Me gusta todo lo que me enriquece: leer (no a Pérez-Reverte ni a otros clásicos contemporáneos), charlar, viajar, quedarme en casa, escuchar el silencio, hacer la compra, no tener razón, los periódicos del día, enamorarme, perder el tiempo.


Jueves, 25 de marzo
SERÁ VERDAD

¿Será verdad que estoy siempre mirándome el ombligo, que solo sé hablar de mí? No tengo yo esa impresión, pero lo cierto es que con el tiempo he ido cogiéndole cariño a este individuo extraño y desconcertante con el que me encuentro cada vez que me miro al espejo. Hemos de convivir toda la vida, conviene que nos llevemos bien.
Como las mías propias, aunque con un poco más de dificultad, estoy aprendiendo a soportar las manías y las rarezas de los demás. Cuesta bastante, pero al final resulta divertido.
También he aprendido a reírme un poco de mí mismo, a no tomarme demasiado en serio.


Es posible que esté siempre mirándome el ombligo, pero es que soy tan megalómano que lo confundo con el universo.
Es posible que siempre me enamore de mí, pero más alto, más joven, más guapo y más inteligente.

domingo, 21 de marzo de 2010

Línea roja: Decir sin estar diciendo

Sábado, 13 de marzo
CONVERSACIÓN

¿Cómo puedes concentrarte en medio de este barullo?, me pregunta un amigo que me encuentra en el Caffè di Roma, en el centro comercial Los Prados, rodeado de familias con niños.
Y yo me encuentro tan a gusto, mejor que en la más silenciosa biblioteca. Como mañana he de escribir una nota sobre la correspondencia de Gil de Biedma, he traído ese libro para releerlo y algunos otros relacionados. Uno de ellos, Conversaciones, se reúne las entrevistas del poeta. No me imagino contertulio mejor. Le escucho, le contradigo, anoto algunas de sus frases, seguimos dialogando tras cerrar el libro.

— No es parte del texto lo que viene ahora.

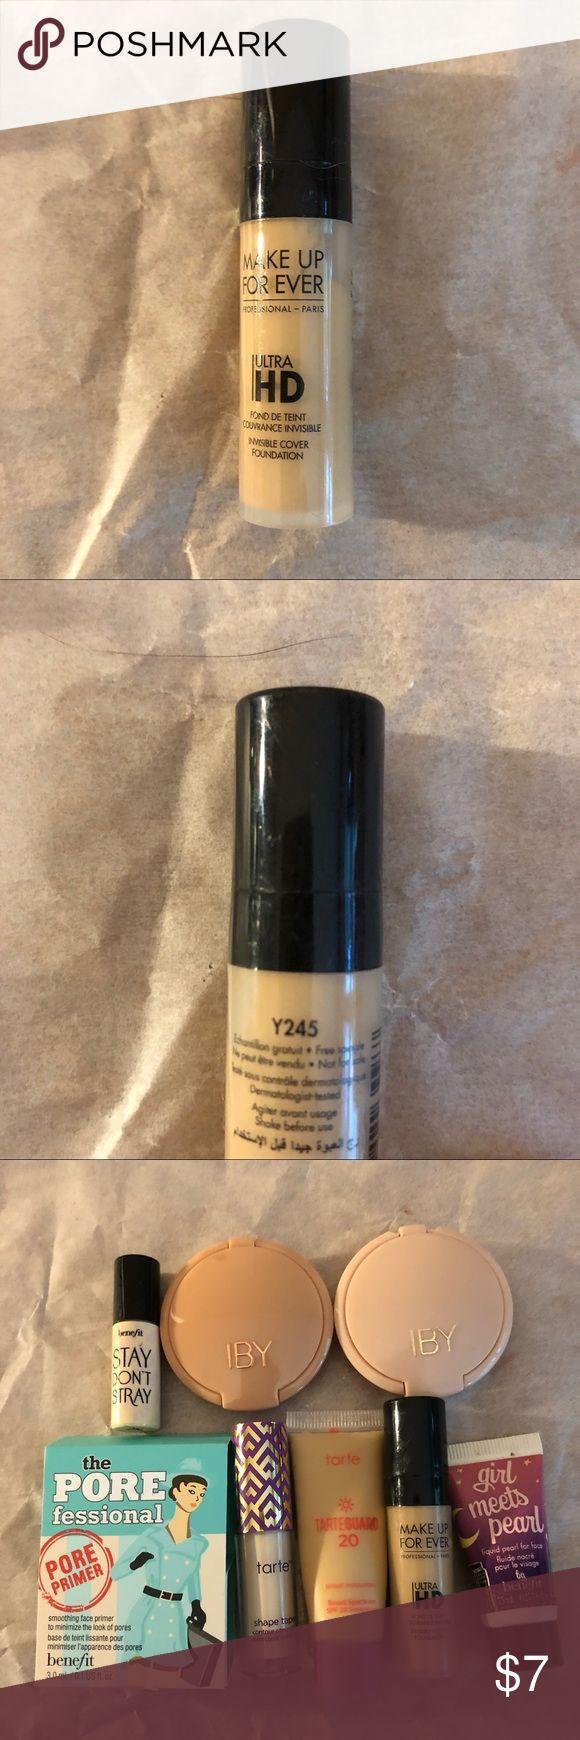 Make Up For Ever Ultra HD foundation sample Make up for

Al envejecer se escriba menos poesía porque la sensualidad disminuye. Un poeta joven se pone caliente con cualquier palabra. A partir de cierta edad ocurre precisamente lo contrario.

Para ordenar un libro sigo el mismo criterio que para decorar una casa. Variación, contraposición y modulación, ese es todo el secreto. El orden de un libro debe estar pensado para hacer más agradable la estancia entre sus páginas.

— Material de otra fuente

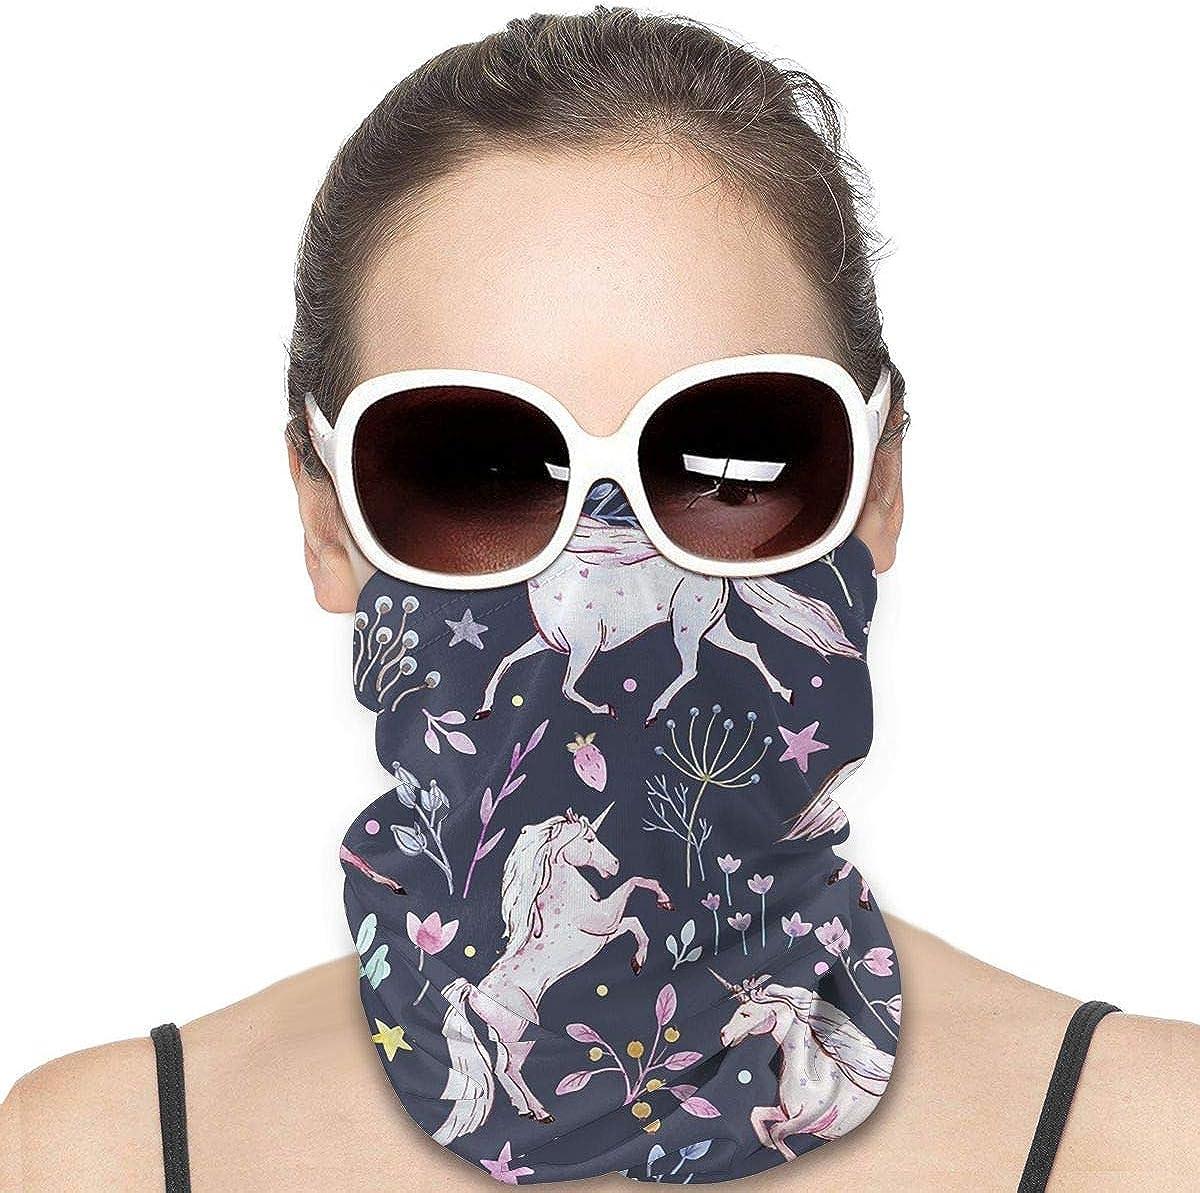 KiuLoam Women Bandanas Face Mask, Dark Unicorn Neck Gaiter Mask Headband for Men Face Scarf Dust, Outdoors, Sports

La gran poesía se hace o de muy joven o de muy viejo, y raramente en la madurez. Pero de muy joven pocos saben escribir y de muy viejo se han perdido las ganas. Por eso resulta tan escasa.

Sin capacidad de rencor no hay capacidad de amor.

La felicidad aburre. Si eres feliz, no digas nada. Por lo menos en verso

Un buen poema raras veces es un acaricia; casi siempre, un puñetazo.

No hay arte sin simulacro, tampoco placer sexual.

Hay críticos frígidos que nunca han gozado con lo que leen.

La ventaja de imitar deliberadamente es que nadie se da cuenta.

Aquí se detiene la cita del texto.